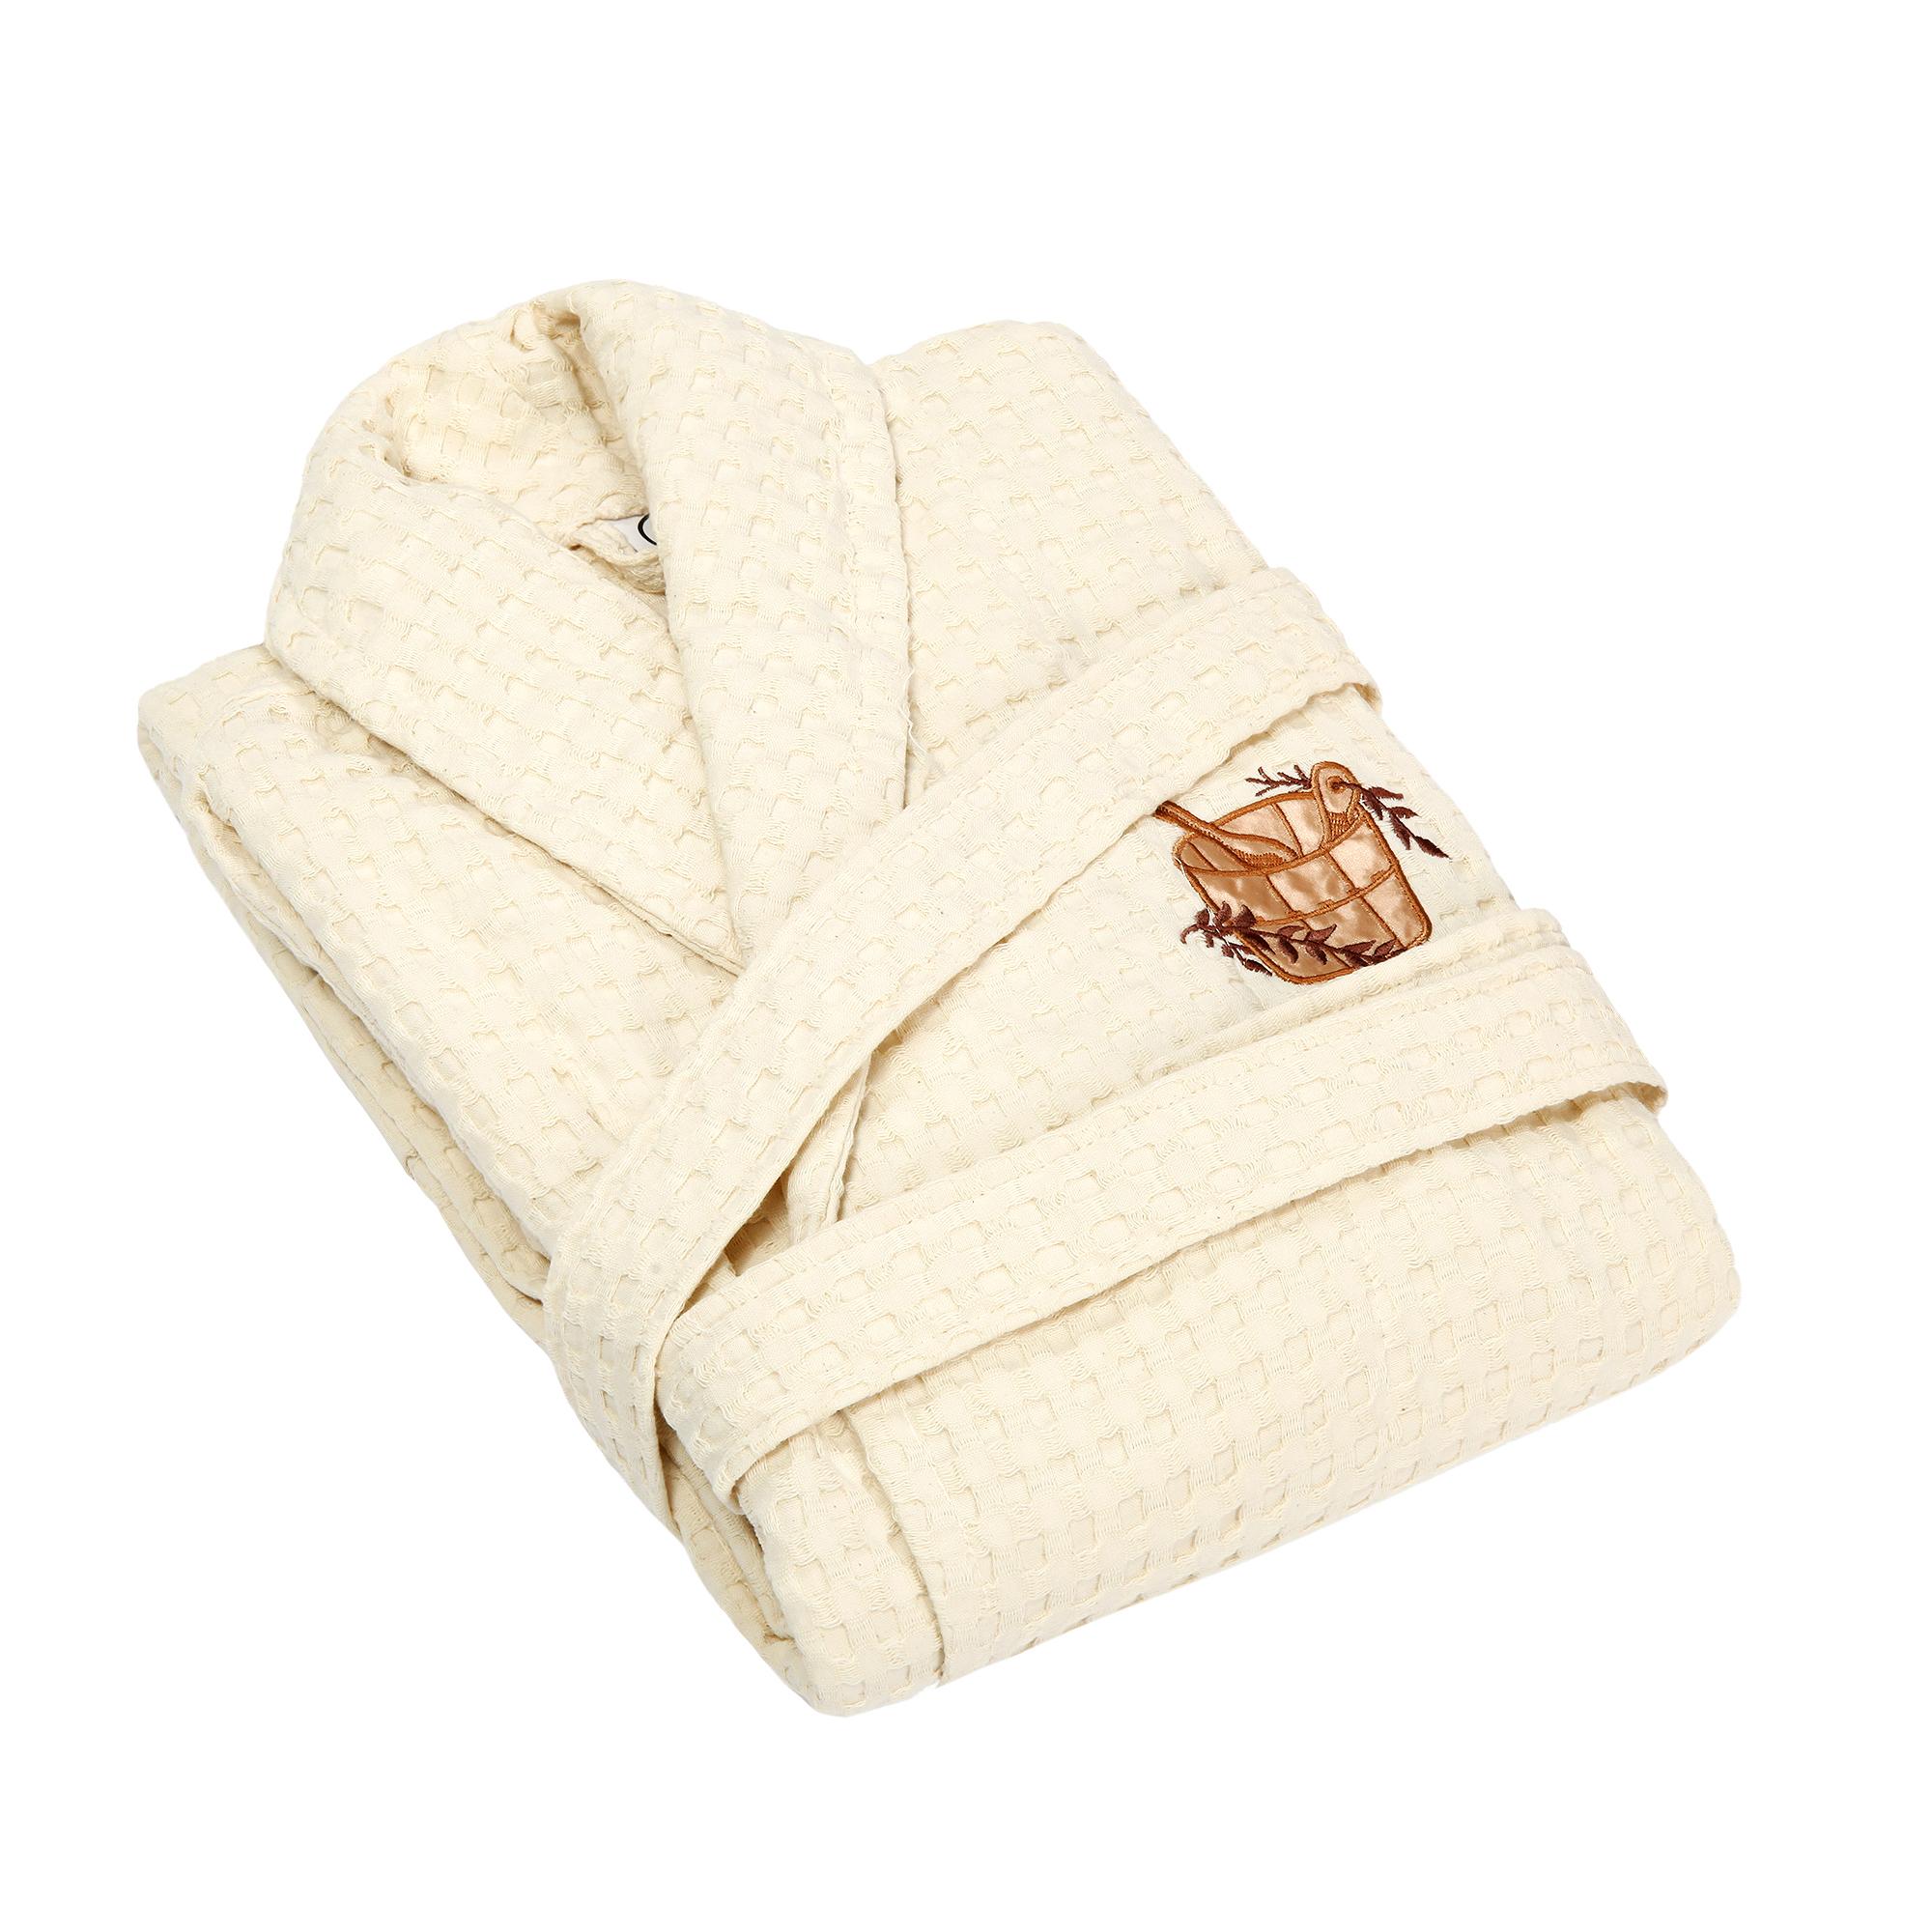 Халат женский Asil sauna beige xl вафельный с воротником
◆ ◆ ◆ ◆ ◆
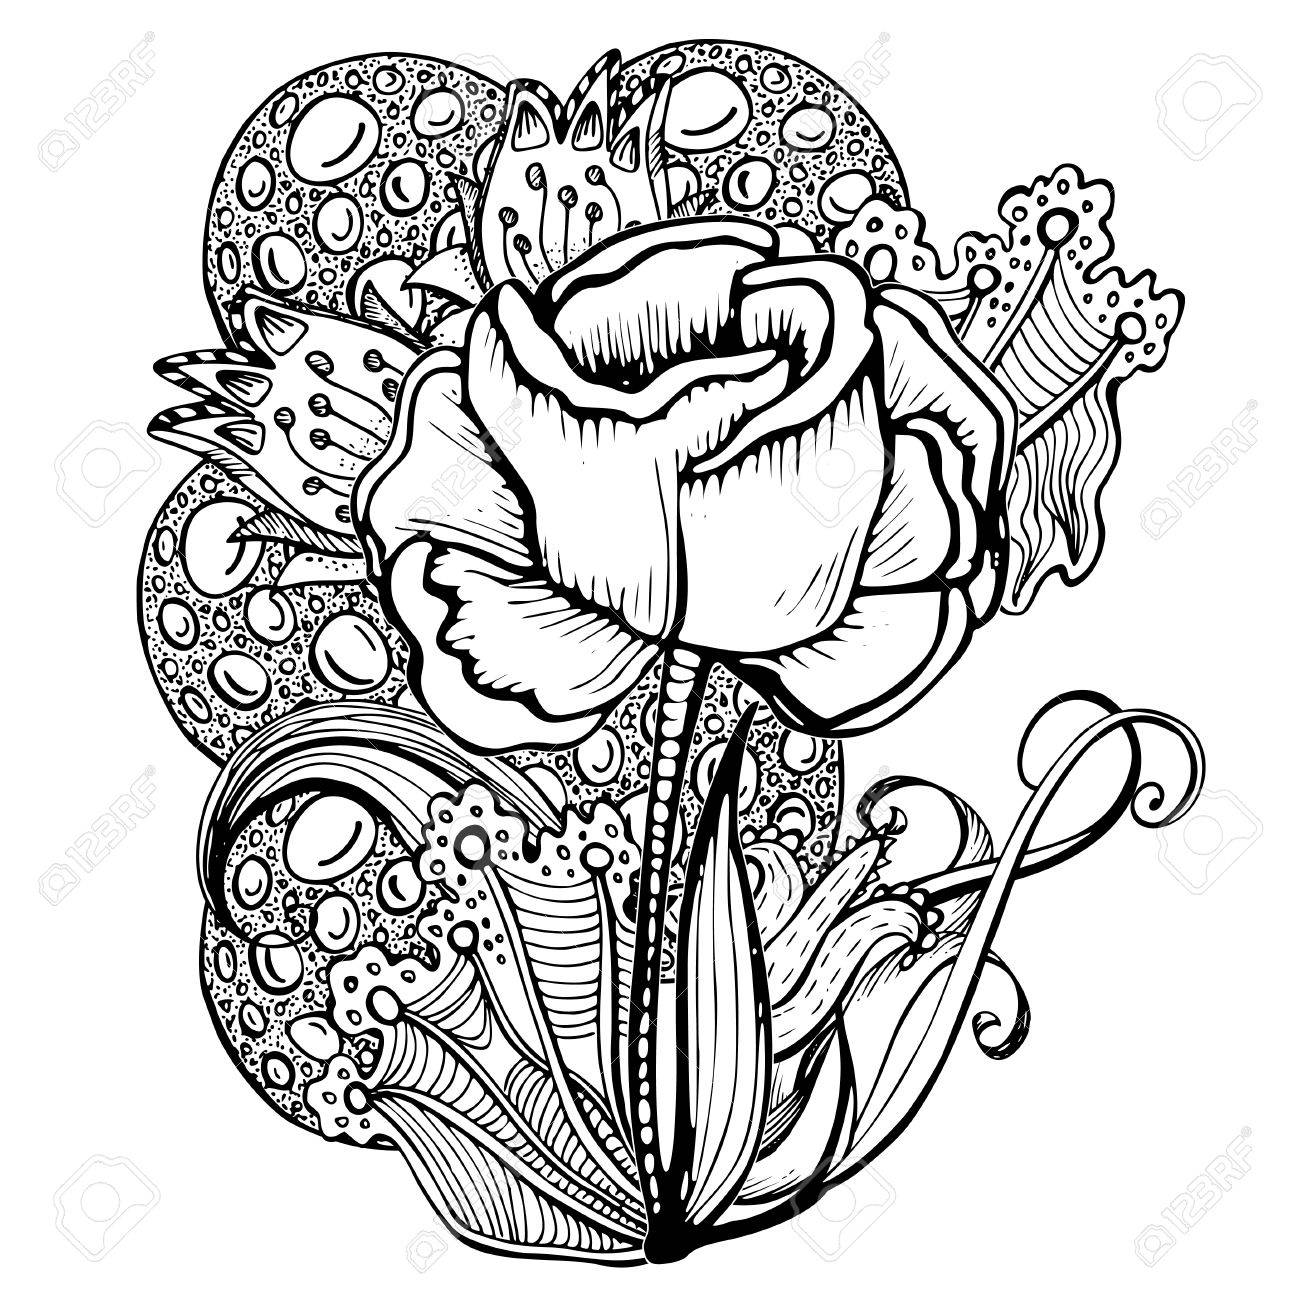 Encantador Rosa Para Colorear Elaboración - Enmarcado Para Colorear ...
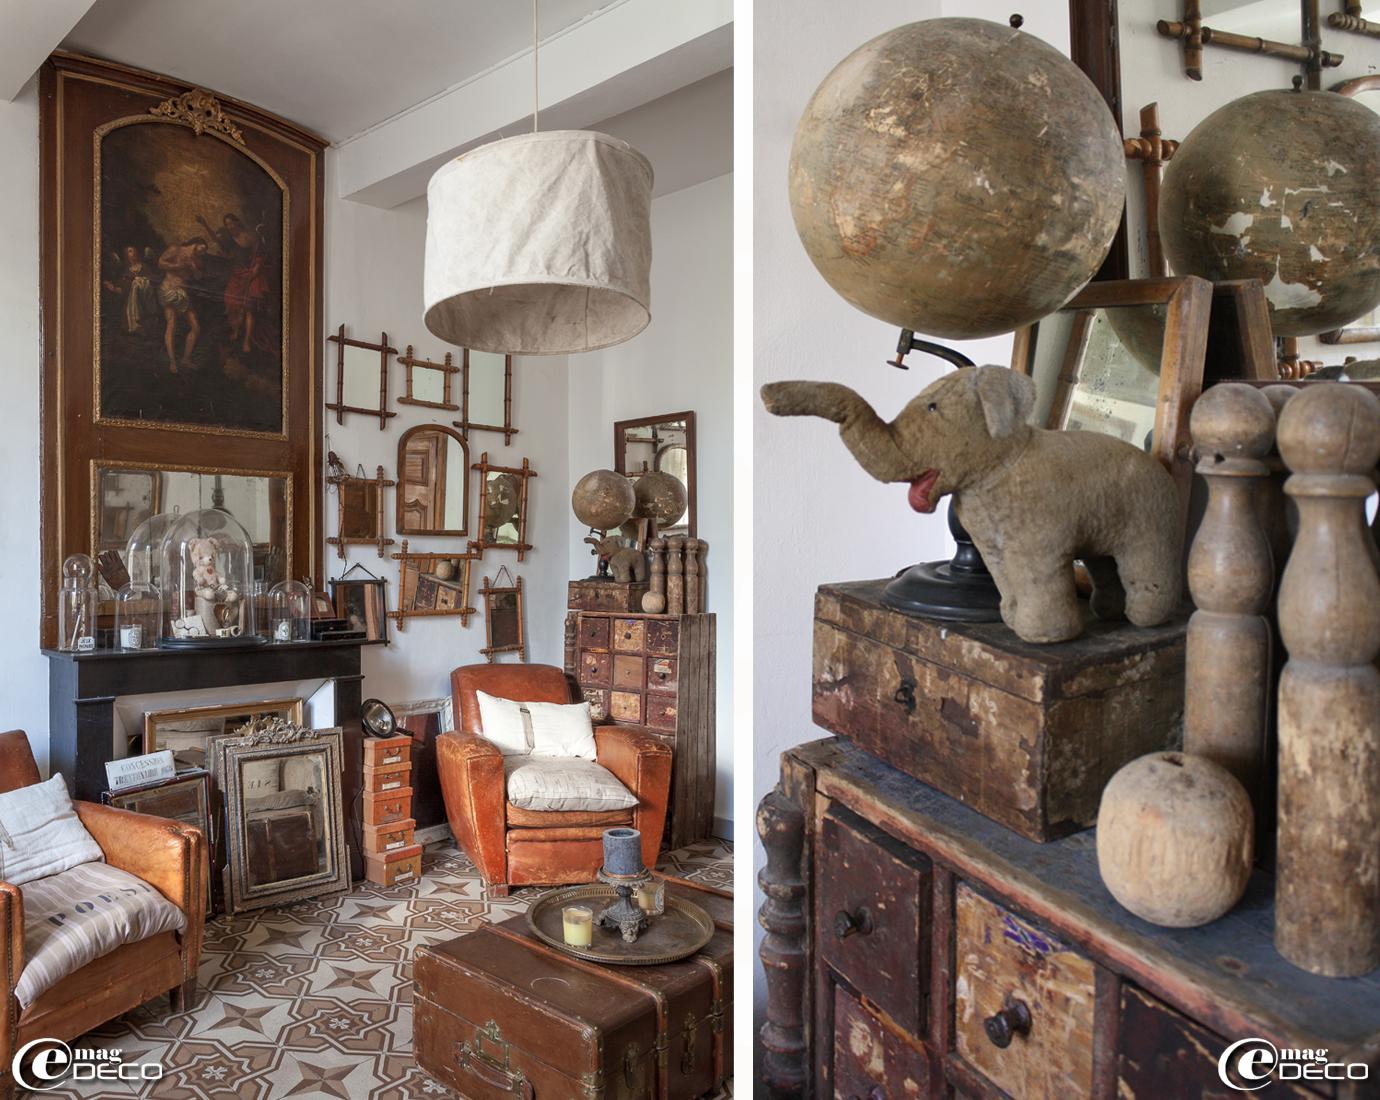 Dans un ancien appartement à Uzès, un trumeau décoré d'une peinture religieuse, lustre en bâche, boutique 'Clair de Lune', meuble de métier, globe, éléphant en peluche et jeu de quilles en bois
◆ ◆ ◆ ◆ ◆
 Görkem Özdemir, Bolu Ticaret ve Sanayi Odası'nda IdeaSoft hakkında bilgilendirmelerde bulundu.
◆ ◆ ◆ ◆ ◆
## YOUR GOAL
Your answer should be the lines above, word for word, from the line with "Encantador Rosa Para" through the line with "Dans un ancien", minus the pictures.

## ANSWER SPACE
 Encantador Rosa Para Colorear Elaboración - Enmarcado Para Colorear ...
 Dans un ancien appartement à Uzès, un trumeau décoré d'une peinture religieuse, lustre en bâche, boutique 'Clair de Lune', meuble de métier, globe, éléphant en peluche et jeu de quilles en bois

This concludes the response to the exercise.